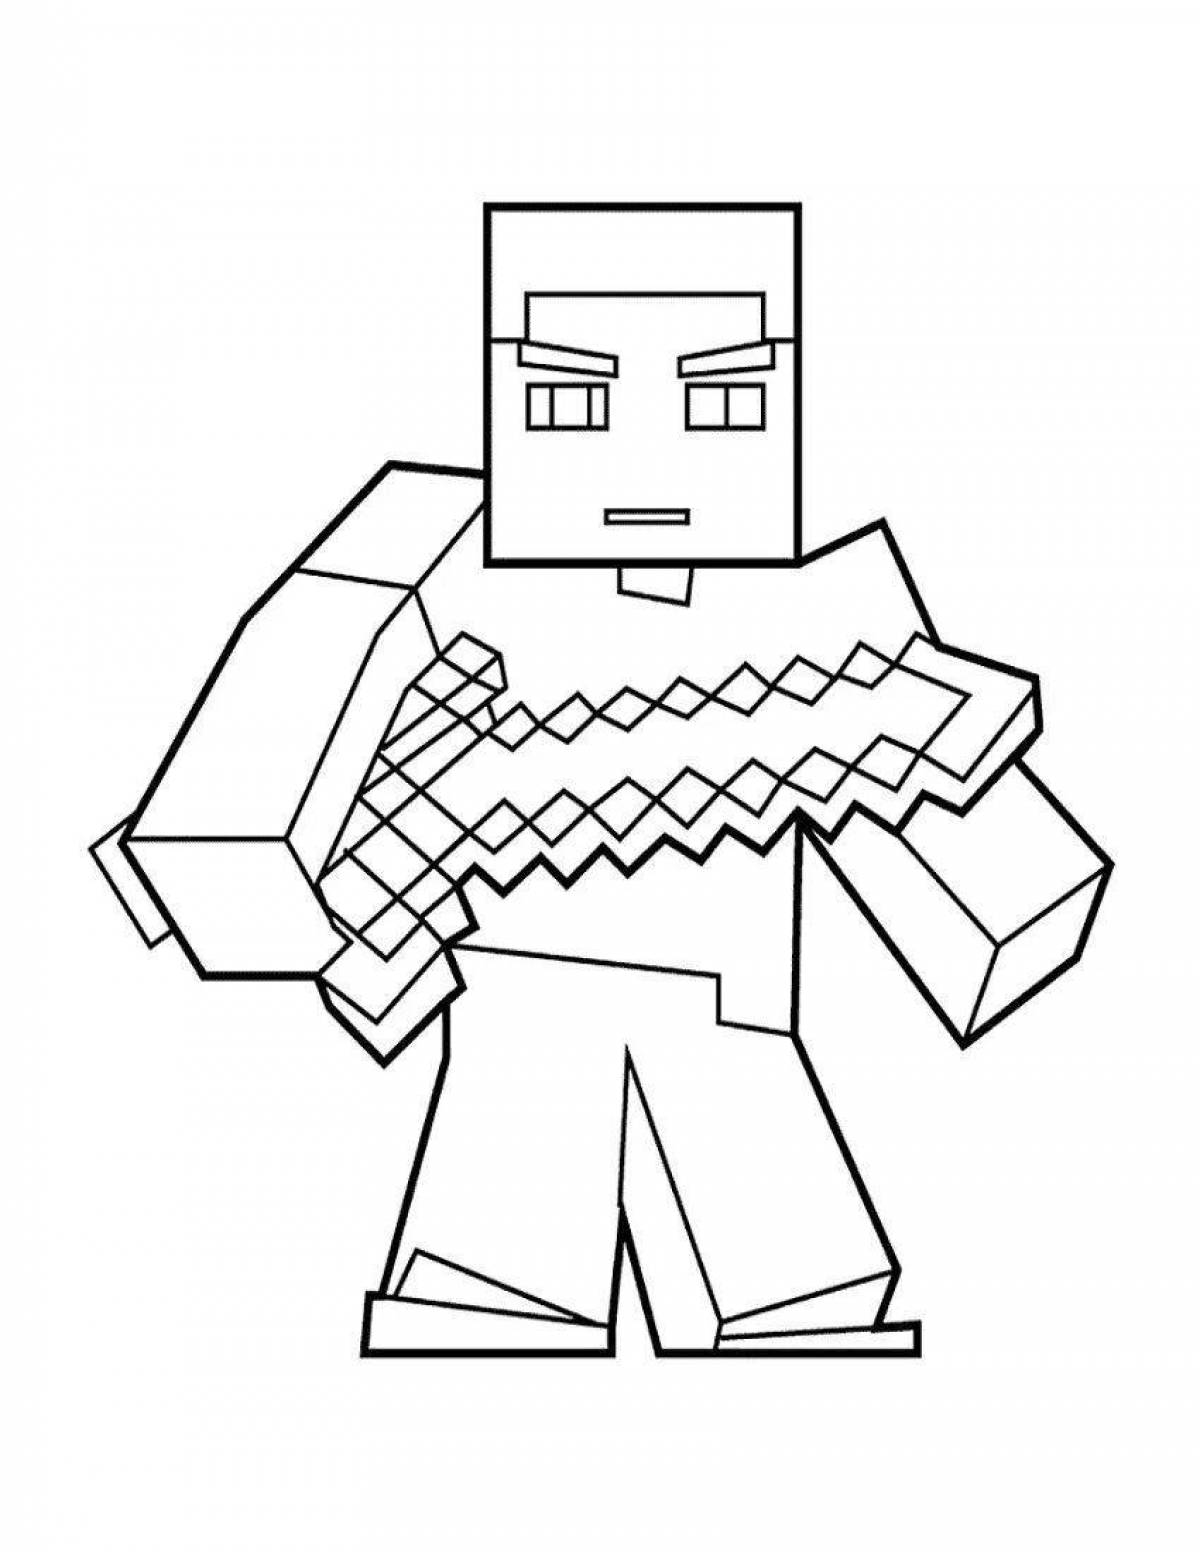 Colorful minecraft man coloring page
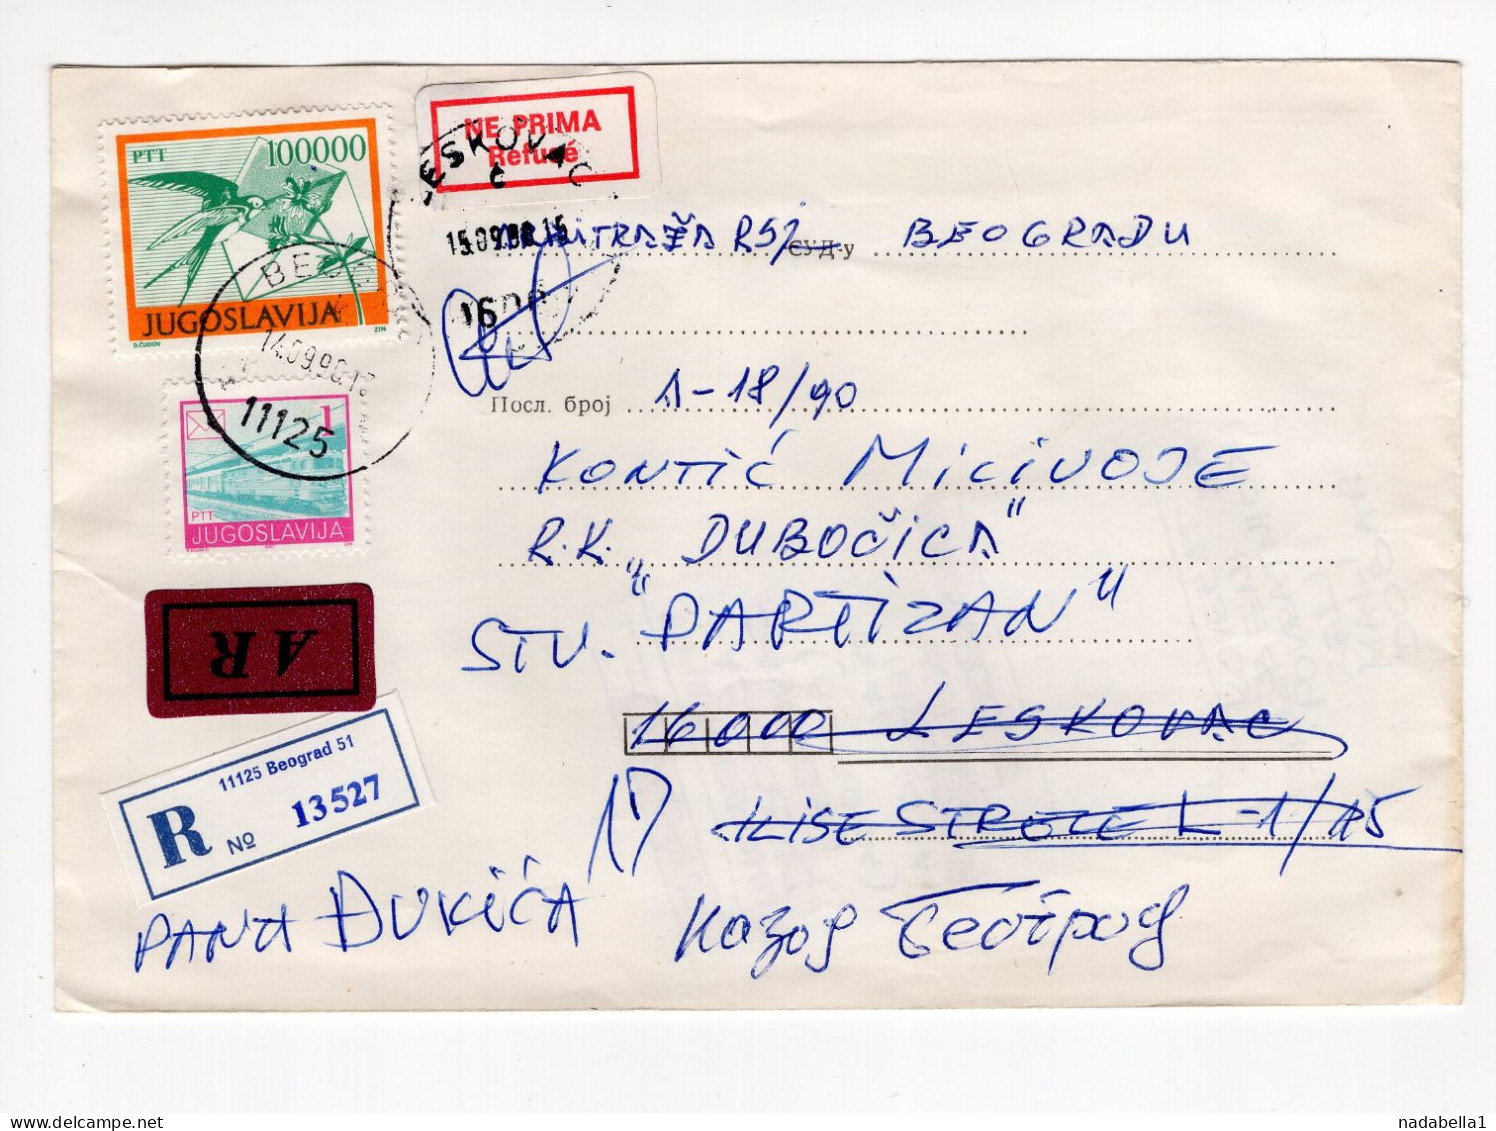 1990. YUGOSLAVIA,SERBIA,BELGRADE TO LESKOVAC AND BACK,AR,RECORDED COVER,INFLATION,INFLATIONARY MAIL,LABEL:REFUSED - Covers & Documents
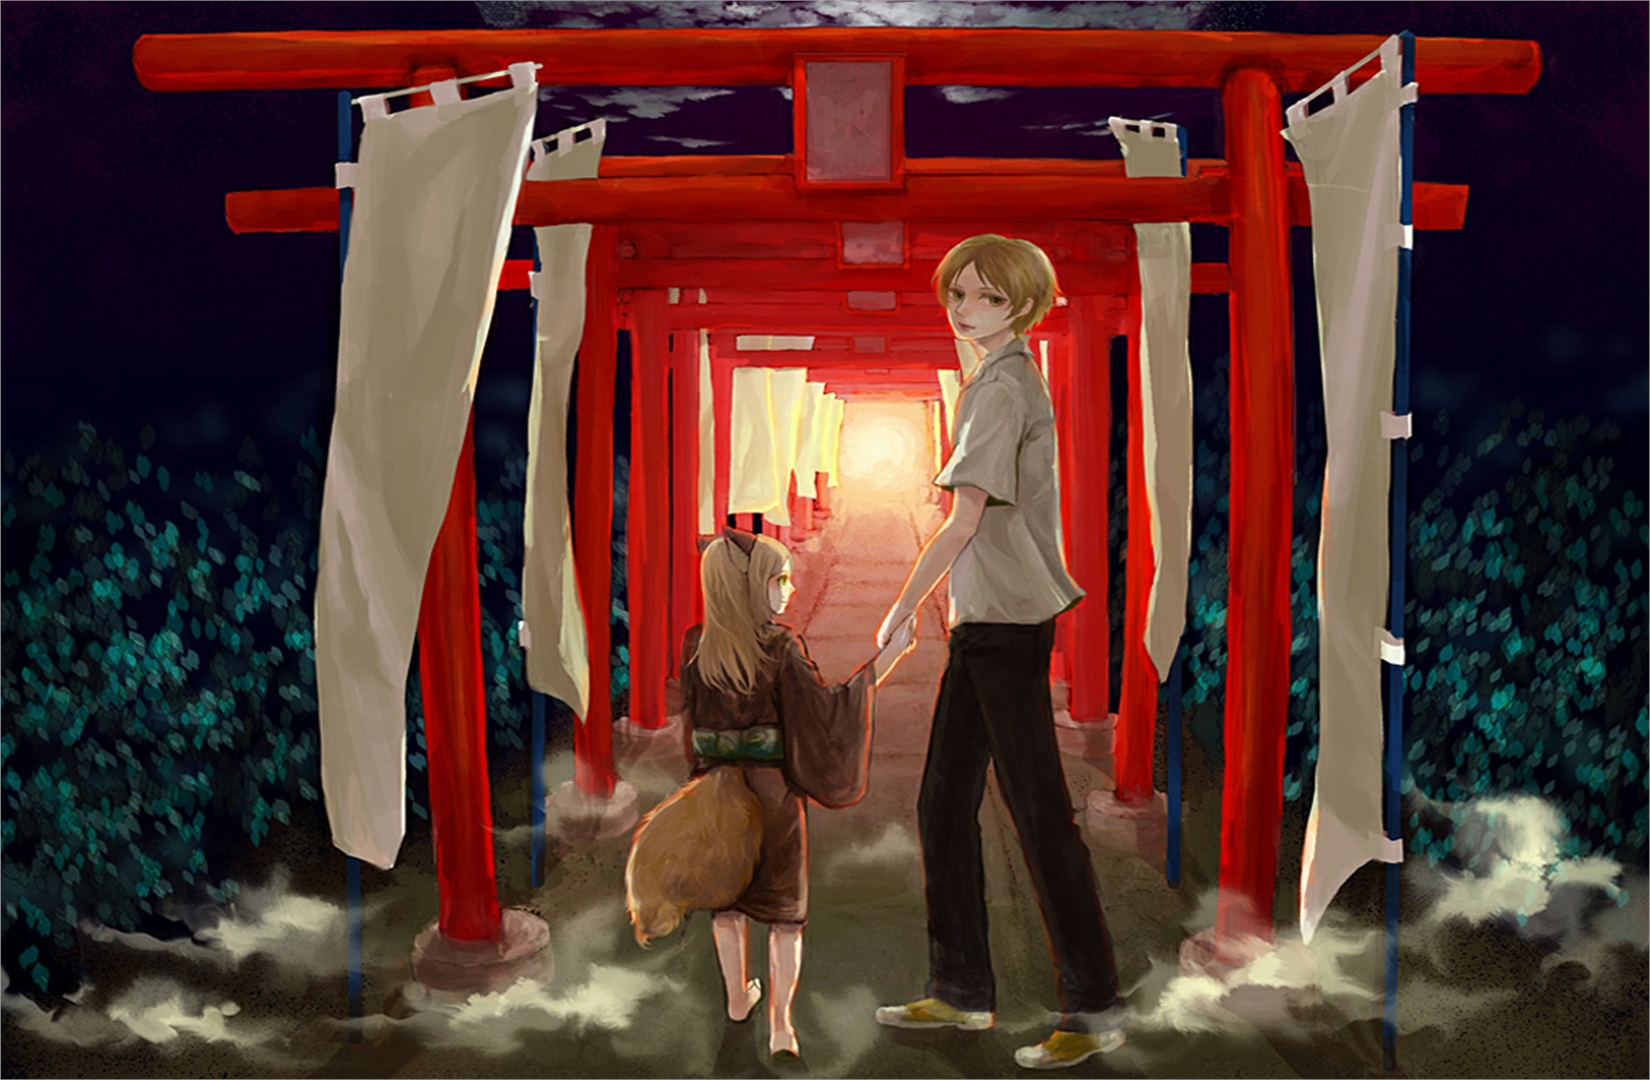 Takashi Natsume and Kogitsune, characters from Natsume's Book of Friends, in an anime-style artwork.
━━━━━━━━━━━━━━━━
Would you provide an exact, picture-free copy of the data above?

 Colorful minecraft man coloring page
 1990. YUGOSLAVIA,SERBIA,BELGRADE TO LESKOVAC AND BACK,AR,RECORDED COVER,INFLATION,INFLATIONARY MAIL,LABEL:REFUSED - Covers & Documents
 Takashi Natsume and Kogitsune, characters from Natsume's Book of Friends, in an anime-style artwork.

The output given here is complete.